The show dialplan number digit_string command displays the dial peer that is matched by a string of digits. If multiple dial peers can be matched, they are all shown in the order in which they are matched. The output of this command looks like this:

Router# show dialplan number 5000
Macro Exp.: 5000

VoiceOverIpPeer2
        information type = voice,
        tag = 2, destination-pattern = `5000',
        answer-address = `', preference=0,
        group = 2, Admin state is up, Operation
        state is up,
        incoming called-number = `', 
        connections/maximum = 0/unlimited,
        application associated: 
        type = voip, session-target = 
        `ipv4:192.168.10.2',
        technology prefix: 
        ip precedence = 5, UDP checksum = 
        disabled, session-protocol = cisco, 
        req-qos = best-effort, 
        acc-qos = best-effort, 
dtmf-relay = cisco-rtp, 
        fax-rate = voice,   
        payload size =  20 bytes
        codec = g729r8,   
        payload size =  20 bytes,
        Expect factor = 10, Icpif = 30,
        signaling-type = cas,
        VAD = enabled, Poor QOV Trap = disabled, 
        Connect Time = 25630, Charged Units = 0,
        Successful Calls = 25, Failed Calls = 0,
        Accepted Calls = 25, Refused Calls = 0,
        Last Disconnect Cause is "10  ",
        Last Disconnect Text is "normal call 
        clearing.",
        Last Setup Time = 84427934.
        Matched: 5000   Digits: 4
        Target: ipv4:192.168.10.2

debug vtsp dsp

debug vtsp dsp shows the digits as they are received by the voice port. The following output shows the collection of DTMF digits from the DSP:

Router# debug vtsp dsp 
Voice telephony call control dsp debugging is on


!-- ACTION: Caller picked up handset and dialed 
!-- digits 5000.
!-- The DSP detects DTMF digits. Digit 5 was 
!-- detected with ON time of 130msec.


*Mar 10 17:57:08.505: vtsp_process_dsp_message: 
MSG_TX_DTMF_DIGIT_BEGIN: digit=5, 
*Mar 10 17:57:08.585: vtsp_process_dsp_message: 
MSG_TX_DTMF_DIGIT_OFF: digit=5, 
duration=130
*Mar 10 17:57:09.385: vtsp_process_dsp_message: 
MSG_TX_DTMF_DIGIT_BEGIN: digit=0
*Mar 10 17:57:09.485: vtsp_process_dsp_message: 
MSG_TX_DTMF_DIGIT_OFF: digit=0, 
duration=150
*Mar 10 17:57:10.697: vtsp_process_dsp_message: 
MSG_TX_DTMF_DIGIT_BEGIN: digit=0
*Mar 10 17:57:10.825: vtsp_process_dsp_message: 
MSG_TX_DTMF_DIGIT_OFF: digit=0, 
duration=180
*Mar 10 17:57:12.865: vtsp_process_dsp_message: 
MSG_TX_DTMF_DIGIT_BEGIN: digit=0
*Mar 10 17:57:12.917: vtsp_process_dsp_message: 
MSG_TX_DTMF_DIGIT_OFF: digit=0, 
duration=100

Router# debug vtsp session 
Voice telephony call control session debugging is on


!--- <some output have been omitted>
!-- ACTION: Caller picked up handset. 
!-- The DSP is allocated, jitter buffers, VAD 
!-- thresholds, and signal levels are set.
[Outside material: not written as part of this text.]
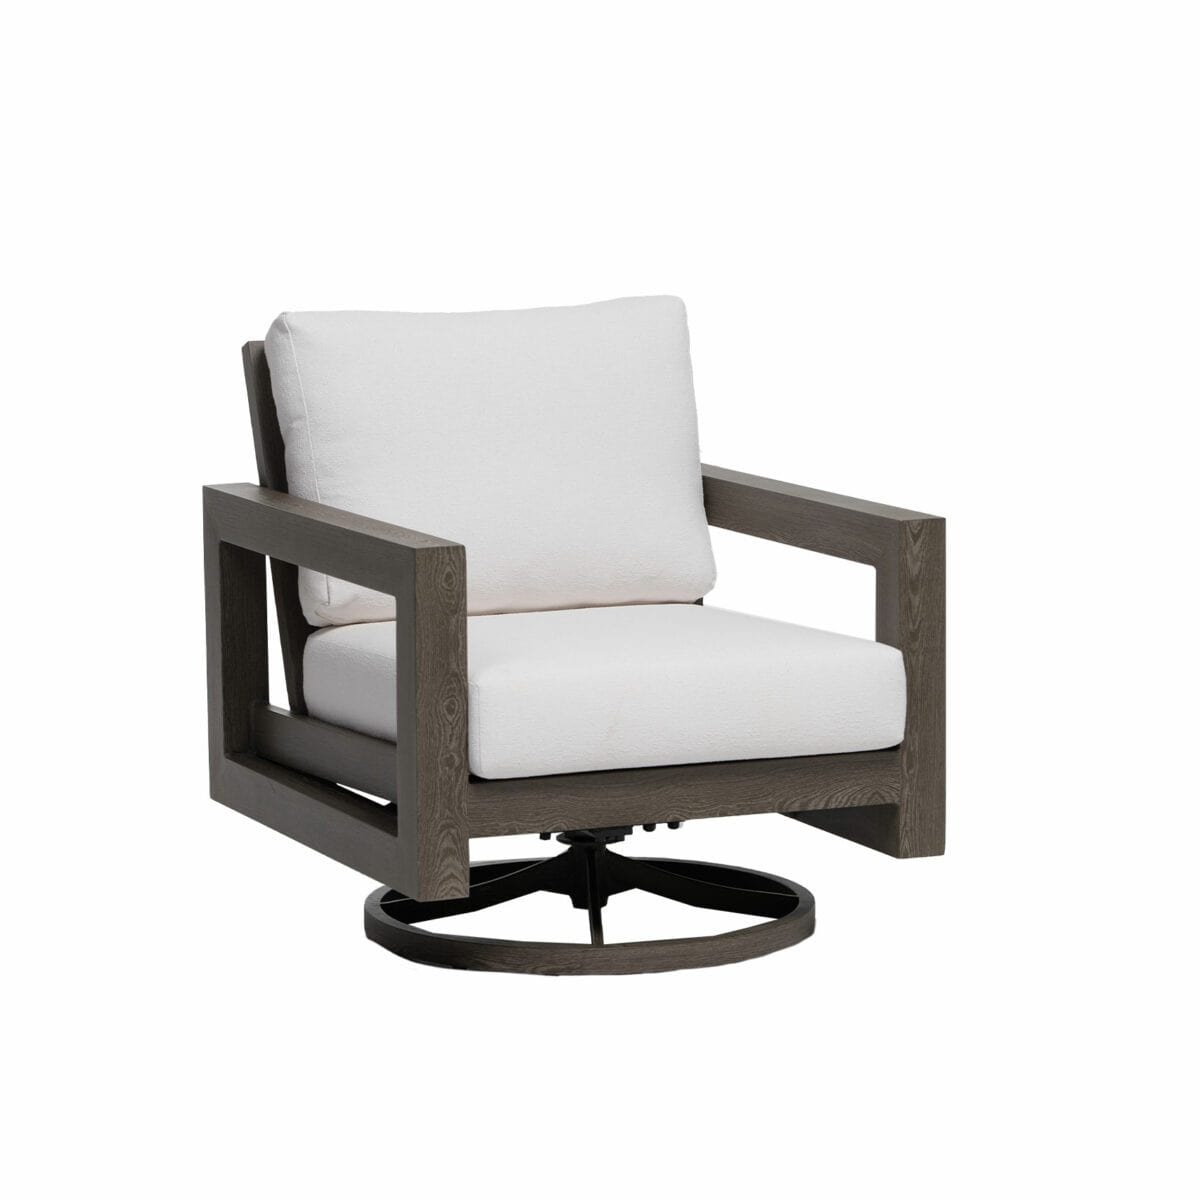 Ratana Furniture - Chairs Milano Swivel Rocker

*Mar 10 18:14:22.865: dsp_set_playout: [1/0/0 (69)]
packet_len=18 channel_id=1 packet_id=76 mode=1 
initial=60 min=4 max=200 fax_nom=300
*Mar 10 18:14:22.865: dsp_echo_canceller_control: 
[1/0/0 (69)] packet_len=10 channel_id=1 packet_id=66
flags=0x0
*Mar 10 18:14:22.865: dsp_set_gains: [1/0/0 (69)] 
packet_len=12 channel_id=1 packet_id=91 
in_gain=0 out_gain=65506
*Mar 10 18:14:22.865: dsp_vad_enable: [1/0/0 (69)] 
packet_len=10 channel_id=1 packet_id=78 
thresh=-38act_setup_ind_ack 
*Mar 10 18:14:22.869: dsp_voice_mode: [1/0/0 (69)] 
packet_len=24 channel_id=1 packet_id=73 coding_type=1
voice_field_size=80 
VAD_flag=0 echo_length=64 comfort_noise=1 
inband_detect=1 digit_relay=2 
AGC_flag=0act_setup_ind_ack(): dsp_dtmf_mod
e()act_setup_ind_ack: passthru_mode = 0, 
no_auto_switchover = 0dsp_dtmf_mode
(VTSP_TONE_DTMF_MODE)


!-- The DSP is put into "voice mode" and dial-tone is 
!-- generated.


*Mar 10 18:14:22.873: dsp_cp_tone_on: [1/0/0 (69)] 
packet_len=30 channel_id=1 packet_id=72 tone_id=4 
n_freq=2 freq_of_first=350 freq_of_second=440 amp_of_first=
4000 amp_of_second=4000 direction=1 on_time_first=65535 
off_time_first=0 on_time
_second=65535 off_time_second=0

If you determine that the digits are not being sent or received properly, then you might need to use either a digit-grabber (test tool) or T1 tester to verify that the digits are being sent at the correct frequency and timing interval. If they are being sent "incorrectly" for the switch (CO or PBX), some values on the router or switch (CO or PBX) might need to be adjusted so that they match and the devices can interoperate. These are usually digit duration and interdigit duration values. If the digits appear to be sent correctly, you can also check any number translation tables in the switch (CO or PBX) that might be adding or removing digits.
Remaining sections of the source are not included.